- Sport: Women's golf
- Conference: Mid-American Conference
- Number of teams: 10
- Played: 1999–present
- Last contest: 2026
- Current champion: Kent State
- Most championships: Kent State (27)
- Official website: getsomemaction.com/sports/wgolf

Host locations
- Akron, Ohio (2026) Muncie, Indiana (2025) Grove City, Ohio (2024) Kalamazoo, Michigan (2023) Holland, Ohio (2022) Naperville, Illinois (2018) Silver Lake, Ohio (2017, 2021) Noblesville, Indiana (2016, 2019) Lebanon, Ohio (2015) Fishers, Indiana (2010, 2012, 2014) Nashport, Ohio (2007, 2009, 2011, 2013) Indianapolis (2008) Hamilton, Ohio (2000–2006) Mason, Ohio (1999)

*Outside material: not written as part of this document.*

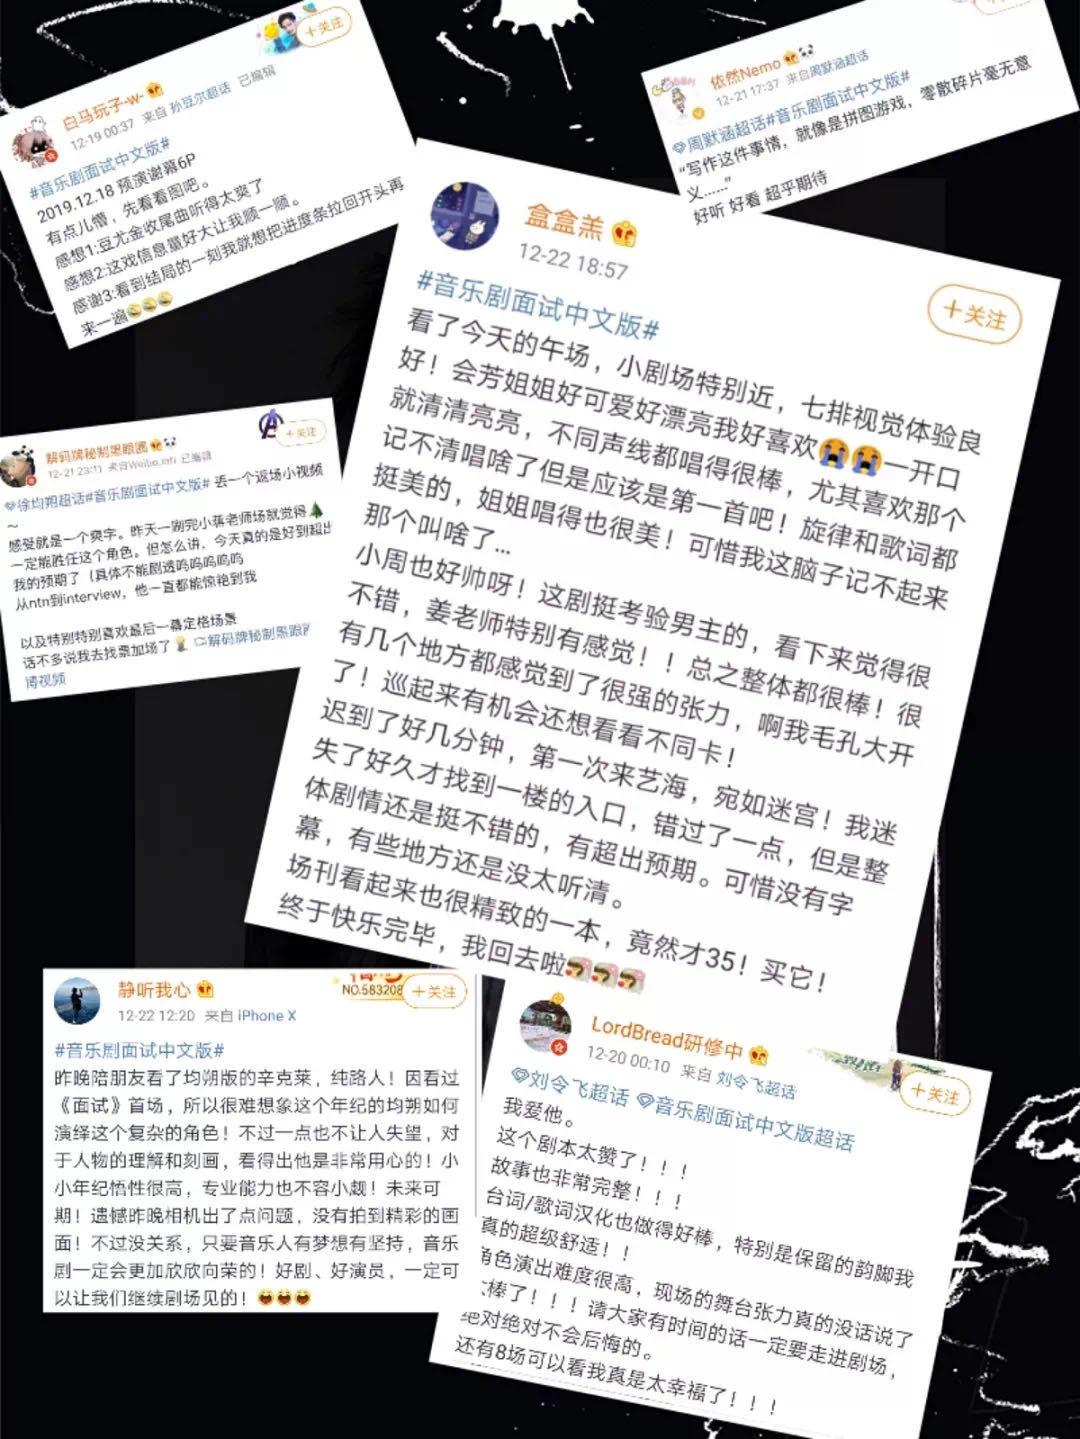 【启东站】音乐剧《面试》中文版

= Mid-American Conference Women's Golf Championships =

The Mid-American Conference women's golf championships is the conference championship tournament for women's golf in the Mid-American Conference, a Division I member of the National Collegiate Athletic Association (NCAA). All ten conference members qualify for the championship meet, which is held in three rounds. The winner of the championship receives a regional berth to the NCAA Division I Women's Golf Championships. The tournament began in 1999 and is rotated to different courses each year, with the various conference members acting as host. Through the 2026 championship, Kent State has won all 27 titles, a conference record for consecutive championships in any sport.

==History and format==
The championship was organized in 1999 after several conference members added women's golf as a varsity sport in the late 1990s. It is played in late April and consists of three rounds of stroke play held over three days with all ten conference members participating. The 2005 championship only had two rounds played instead of the originally scheduled three due to weather. Beginning in 2006, the format was changed to four rounds, with two rounds on the opening day, but was returned to three rounds in 2010. The inaugural championship, held at the Kings Island Golf Course in Mason, Ohio, consisted of seven teams: Bowling Green, Eastern Michigan, Kent State, Northern Illinois, Ohio, Toledo, and Western Michigan. The total increased to eight in 2001 with the addition of Ball State and nine in 2003 with Marshall joining, but returned to eight for 2006 after Marshall left the MAC following the 2005 season. Akron began MAC play in 2009 and Central Michigan joined in 2015.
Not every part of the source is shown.